==== DATA SUPPLIED
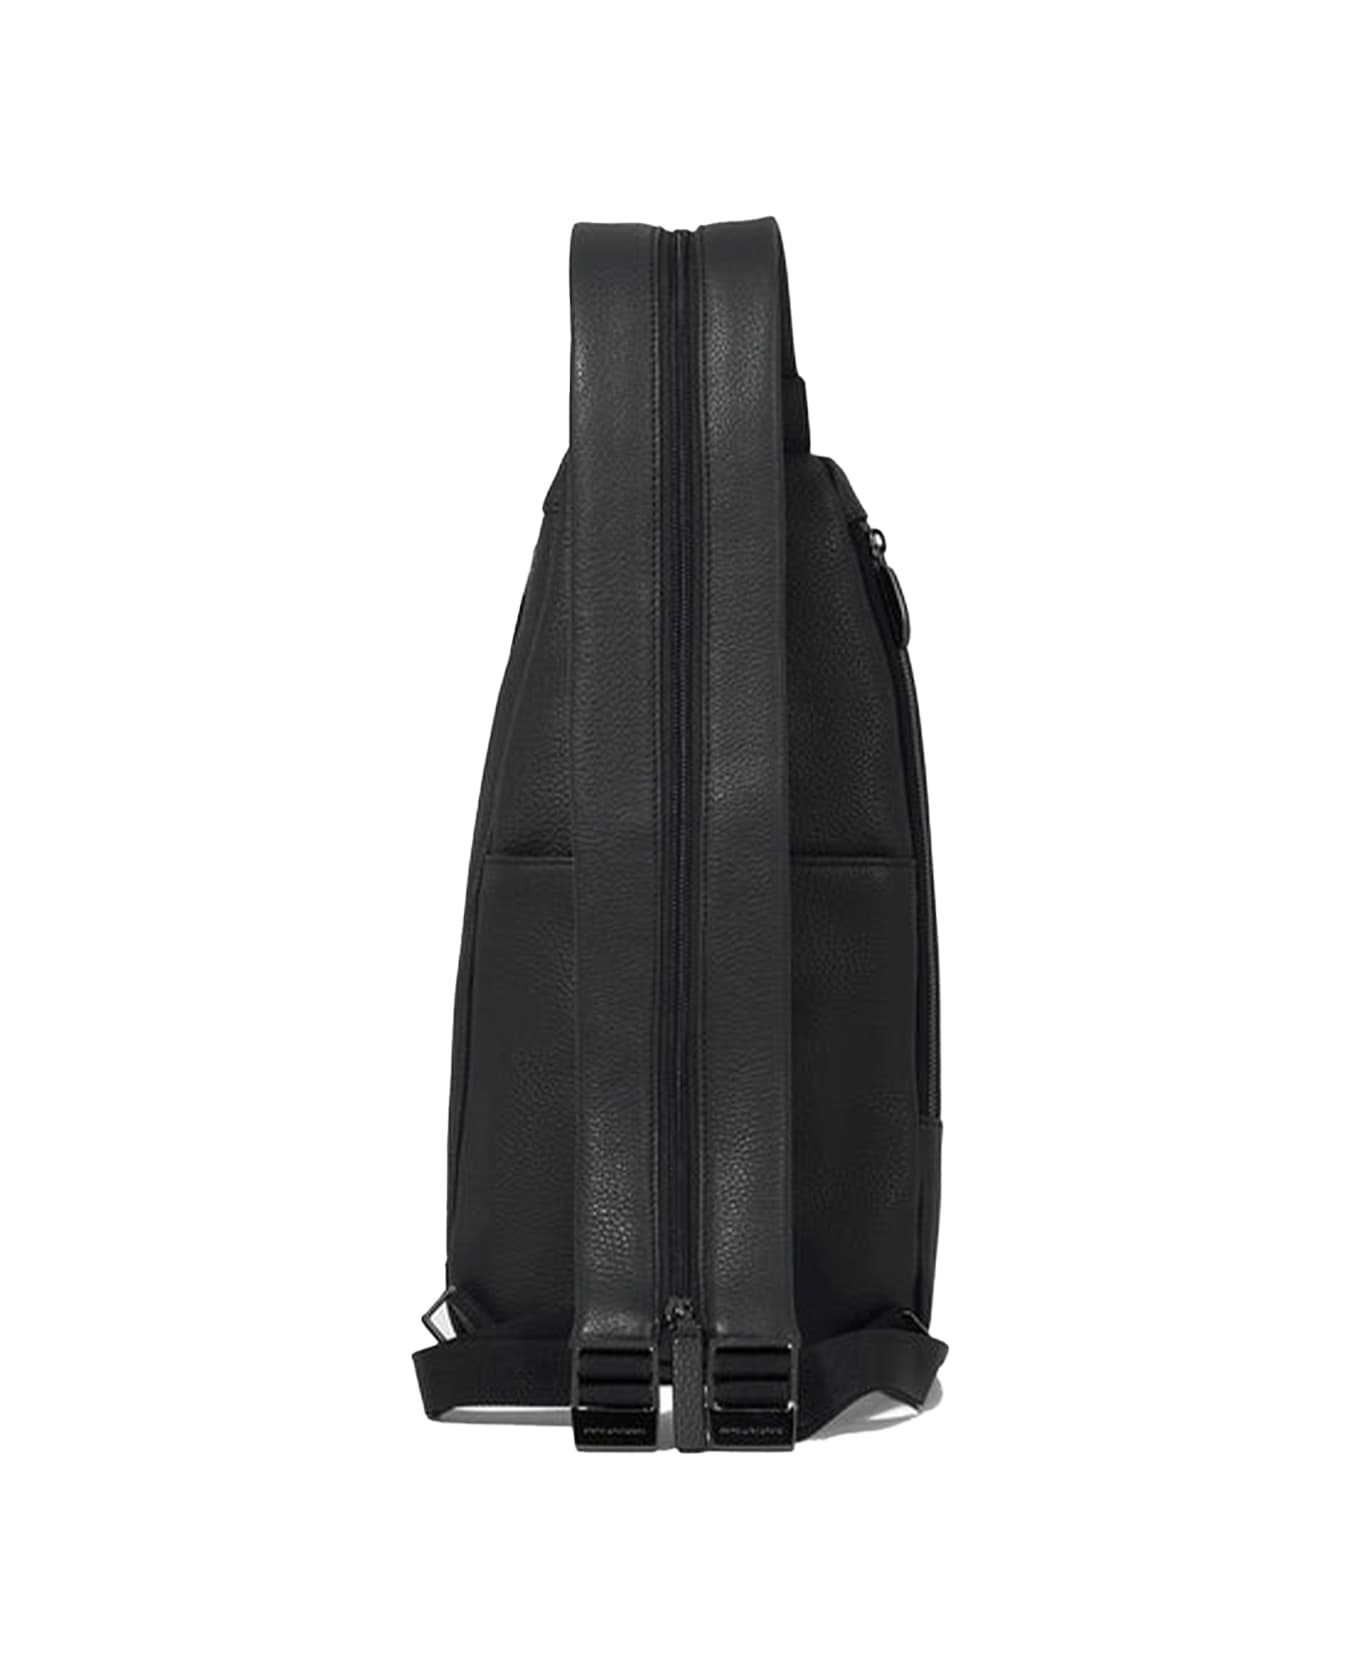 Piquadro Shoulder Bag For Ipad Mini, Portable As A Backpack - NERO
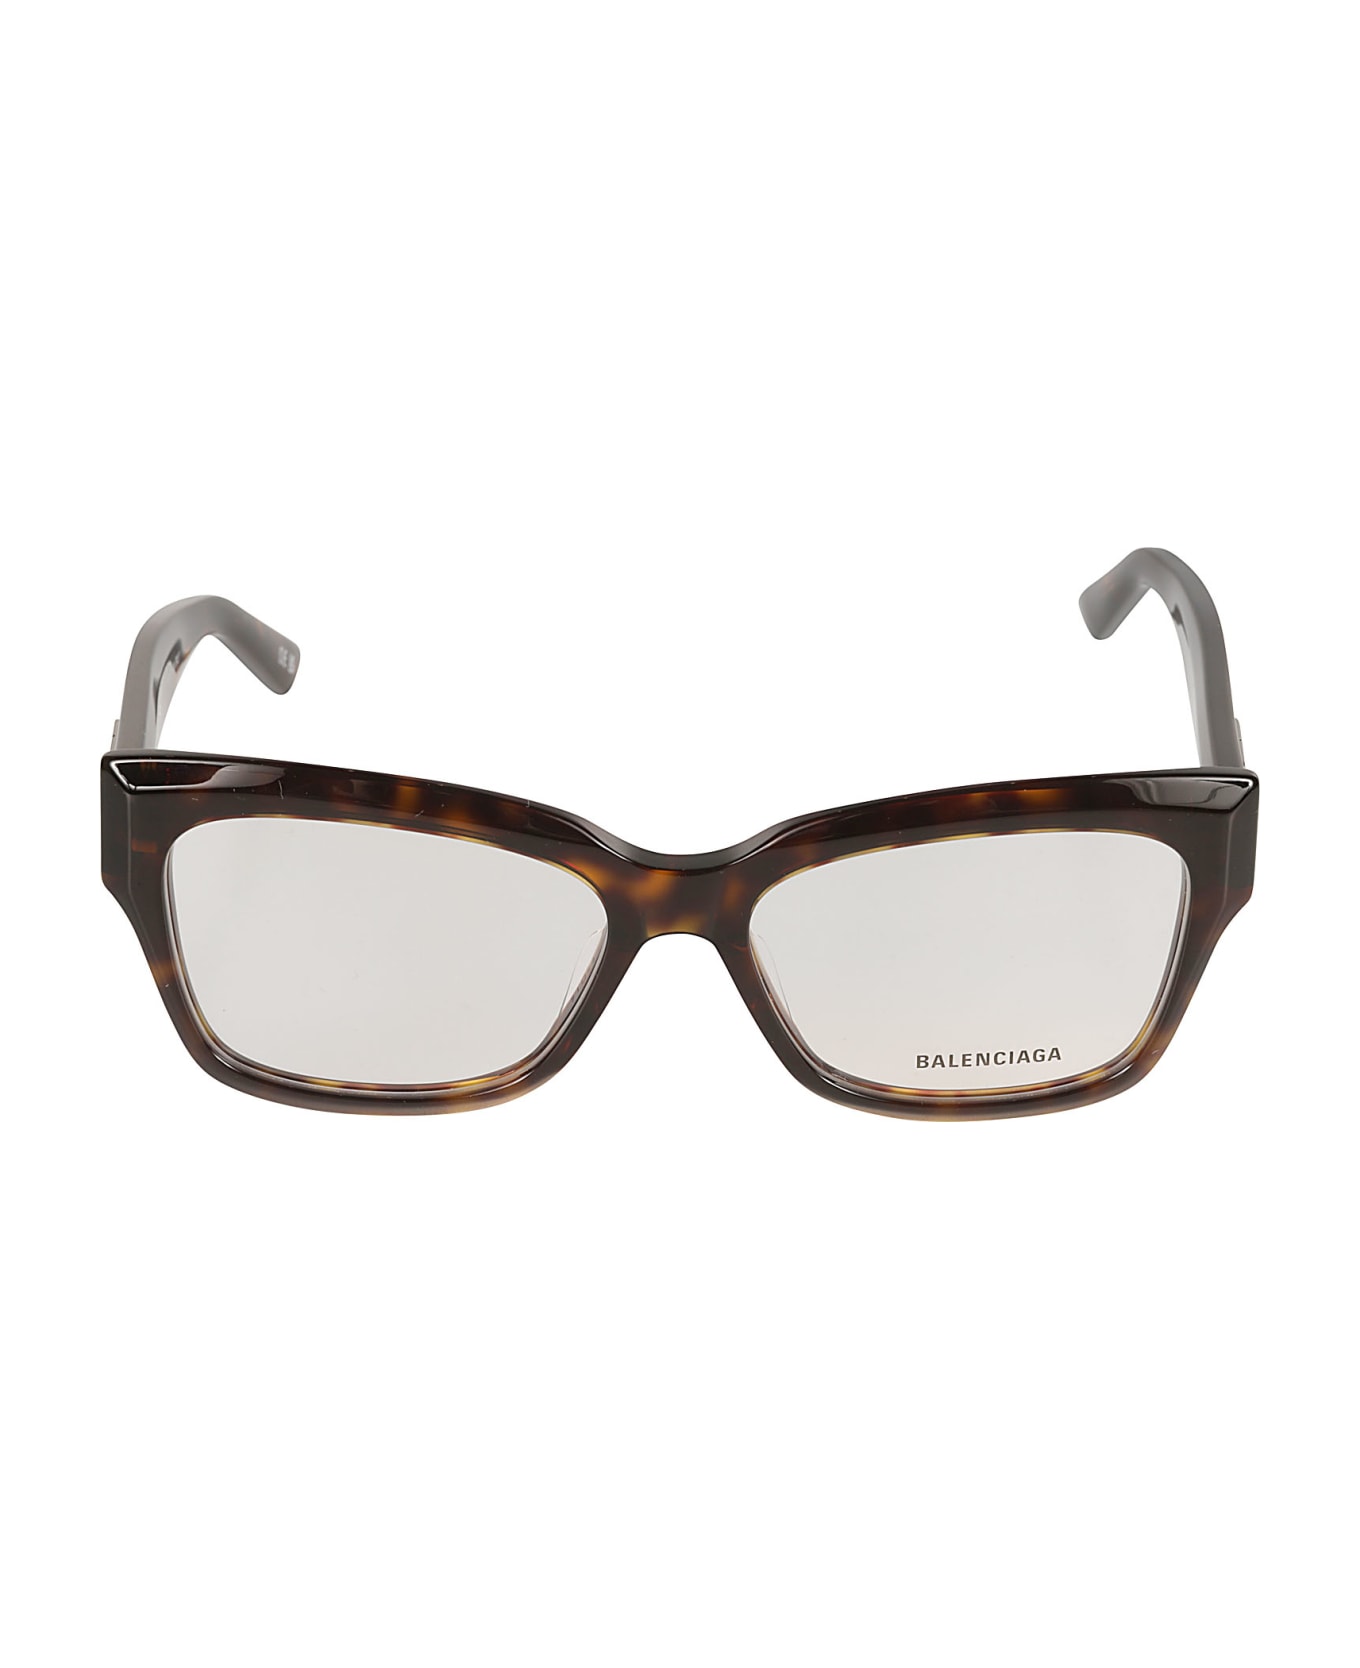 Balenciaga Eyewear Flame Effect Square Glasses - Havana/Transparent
========
==== DATA SUPPLIED
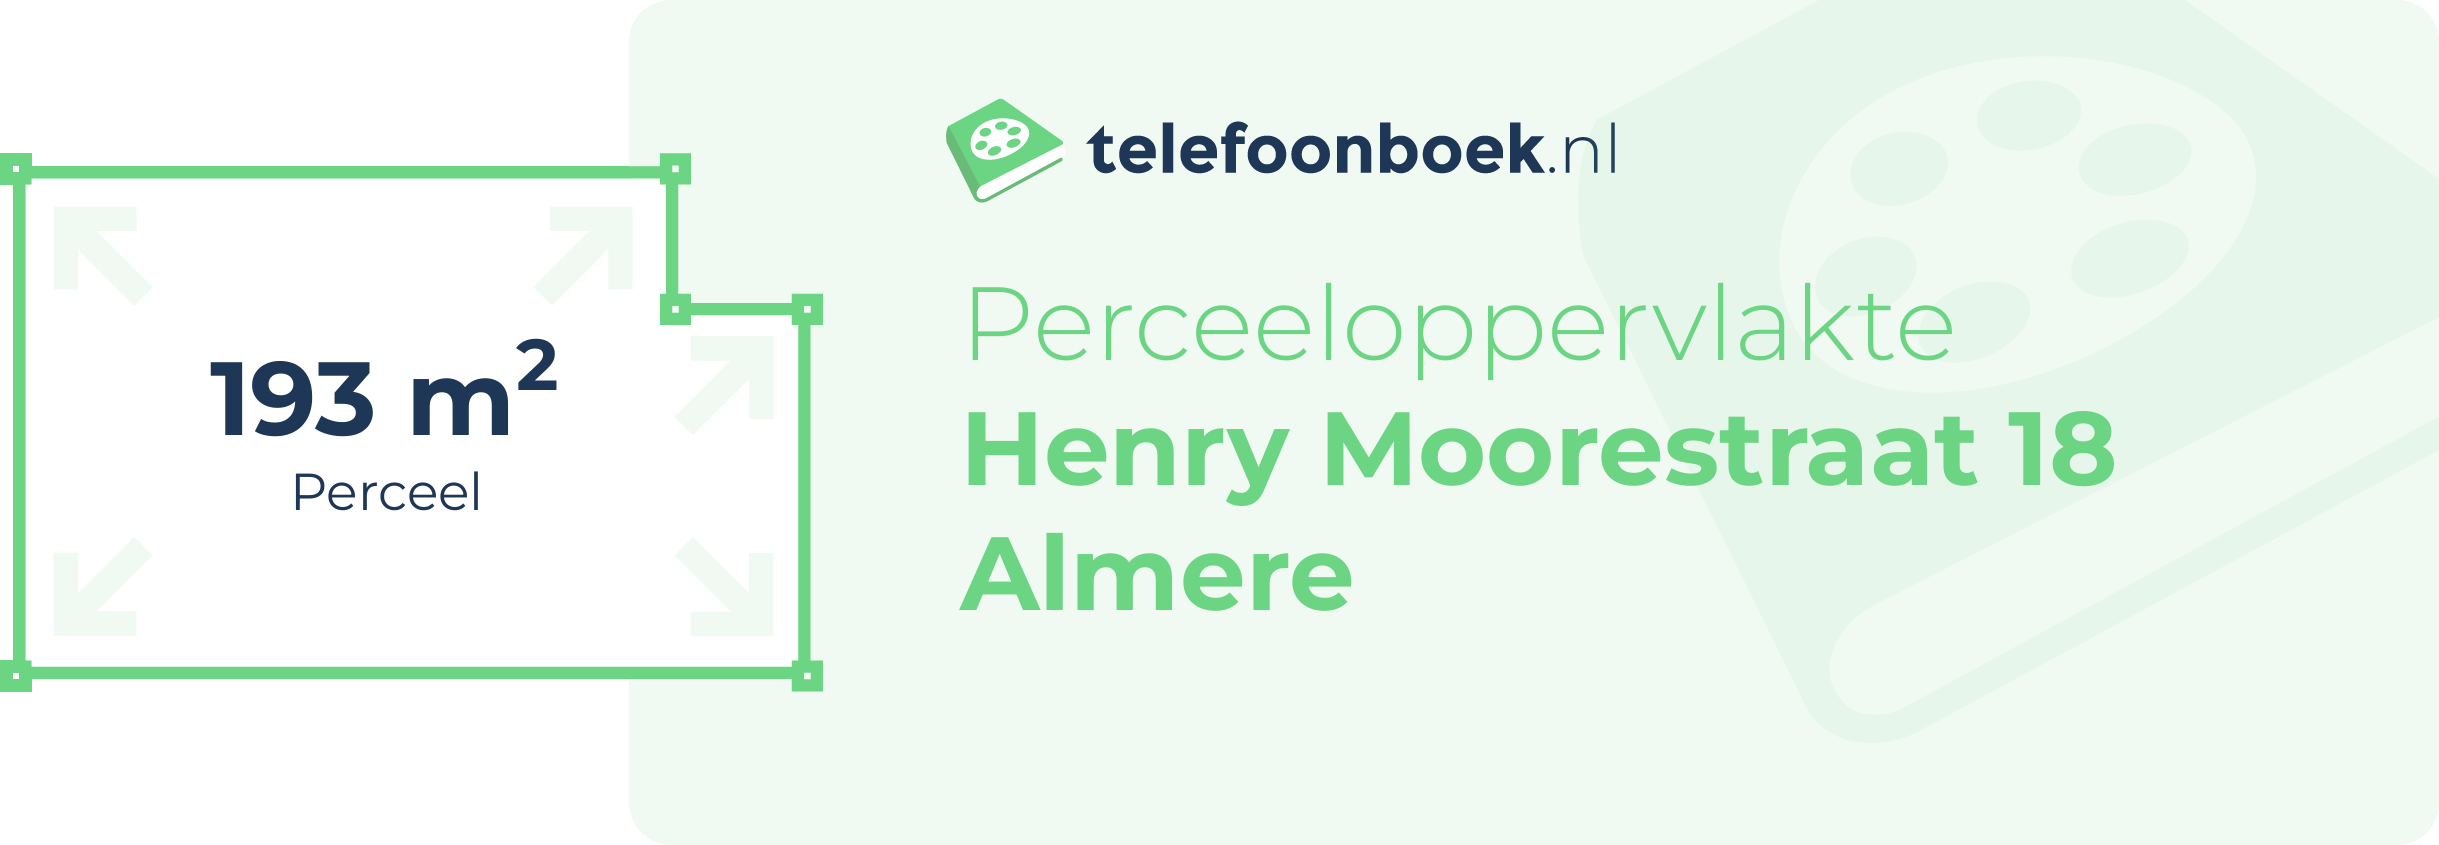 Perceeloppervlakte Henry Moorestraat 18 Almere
========
-- DESCRIPTION OF THE TASK --
No picture is to be printed. Output exactly the lines above from the line containing "Piquadro Shoulder Bag" through the line containing "Balenciaga Eyewear Flame".

-- RESULT OF THIS EXERCISE --
 Piquadro Shoulder Bag For Ipad Mini, Portable As A Backpack - NERO
 Balenciaga Eyewear Flame Effect Square Glasses - Havana/Transparent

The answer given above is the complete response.